RESPONDIENDO A GNOLAM ZOZOBRANTE: DUNGEONS AND DRAGONS 5

Leo con mucho interés una crítica al sistema D&D5 en el blog El Gnolam Zozobrante, donde el autor considera dicho juego un intento fallido, e incluso lo califica de estafa.  Leo sus motivos y razones y al terminar, no he podido evitar escribir esta suerte de réplica a dicho artículo.

Hay varias cosas en las que no estoy de acuerdo con el autor. Por experiencia propia, al ser DM de mi grupo, formado por un hechicero, una bárbara y un guerrero, esa superioridad de los usuarios de magia no la he encontrado. Es cierto que el hechicero es un auténtico controlador de masas que brilla en dicha tarea, cuando hay varios enemigos que deben ser atacados a la vez. Sin embargo, la bárbara es la auténtica atacante del grupo, haciendo unas cantidades de daño abismales y en ocasiones pudiendo hacer daño a más de un enemigo a la vez, mientras que el guerrero, que tiene el arquetipo de maestro de batalla, varía su rol a conveniencia, siendo en ocasiones el tanque del grupo, en otras ocasiones el que proporciona valiosos bonos a sus compañeros, y en otras un atacante puro. Han pulido sus estrategias como grupo y yo diría que a día de hoy ninguno es más importante que el otro en este aspecto: simplemente, cada uno lleva a cabo su tarea de la forma más eficiente.

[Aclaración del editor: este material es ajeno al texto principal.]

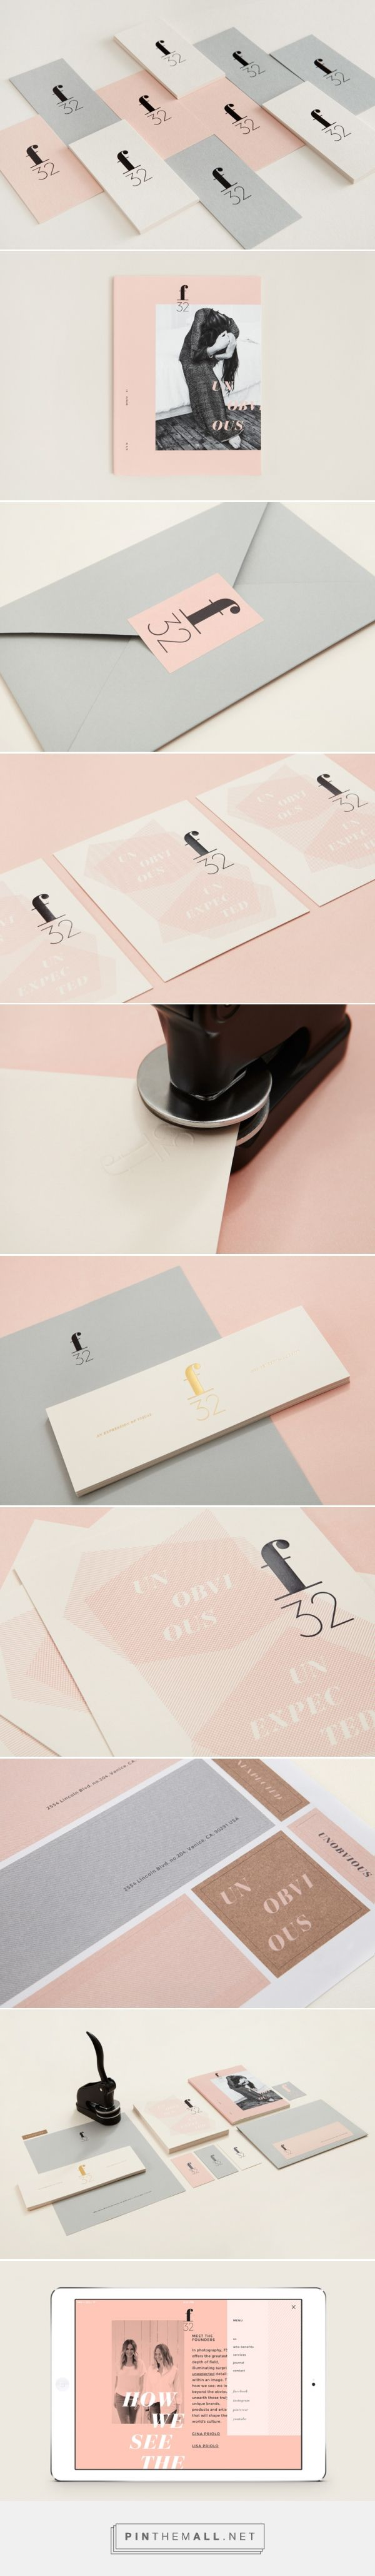 branding corporate identity stationary minimalistic graphic design sticker business card letterhead magazine cover website..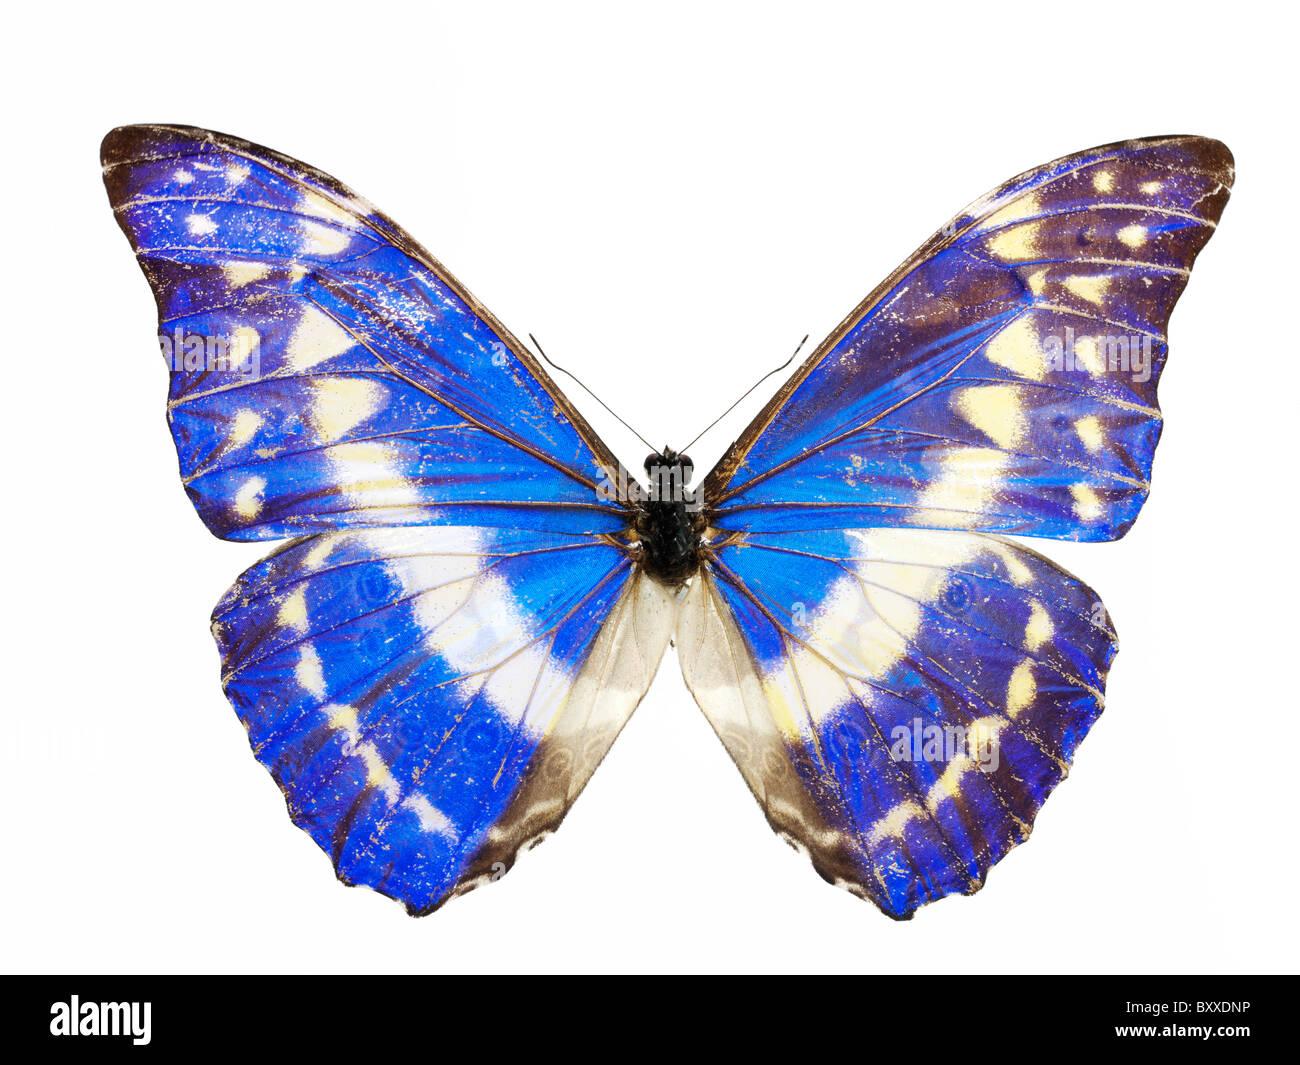 Elena mariposas Morpho Imagen De Stock

Por otro lado, el tema de los objetos mágicos creo que es inexacto. Es cierto que en la edición básica del juego, es decir, la de los tres manuales “core”, la opción de comprar objetos mágicos no existe. Sin embargo, en el manual Xanathar’s Guide To Everything ya se contempla. Puesto que se compara D&D5 con las ediciones anteriores del juego, justo es compararla con todos los manuales que han salido actualmente aunque por desgracia no estén traducidos aún al español. Eso quiere decir que hay que meter en la ecuación el Xanathar’s, El Mordenkainen Tome of Foes y el Volo’s Guide to Monsters, que expanden sobremanera las posibilidades de los jugadores con nuevos arquetipos, conjuros, usos conjuntos de habilidades y herramientas, un mayor número de actividades fuera de aventuras, etc, etc.

Y, hechas estas dos apreciaciones…encuentro que el resto del artículo pone el dedo en la proverbial llaga que yo mismo encontré hace algún tiempo. Porque sí: D&D5 es un juego “disculpa”. WoTC se “equivocó” con D&D4 (el entrecomillado es aposta: ver más abajo) y el tremendo éxito (inesperado, diría yo) de Pathfinder provocó un terremoto en sus oficinas que acabó derivando en la concepción de la Quinta Edición. Y el mantra de esta edición fue: vamos a daros lo que queréis. Vamos a pedir perdón por D&D4. Y vamos a recuperar el trono de los juegos de fantasía con un sistema para gobernarlos a todos. Ah, ¿pero eso no era ya el d20 de 3.x? No, que va. Atentos: vamos a simplificarlo al máximo, para que los neófitos no se echen para atrás. Vamos a añadir alguna mecánica que podamos calificar de “narrativa”, que el FATE está pegando fuerte. El combate vamos a reducirlo, y a volver a los tiempos de AD&D para que no hagan falta miniaturas. Y vamos a pasar de cientos de manuales de clases, magias, equipos e incluso de mundos. Reinos Olvidados por defecto y el que quiera expandir, a comprarse los libros.  Y módulos de aventuras. Cada año, uno o dos. Que eso siempre vende.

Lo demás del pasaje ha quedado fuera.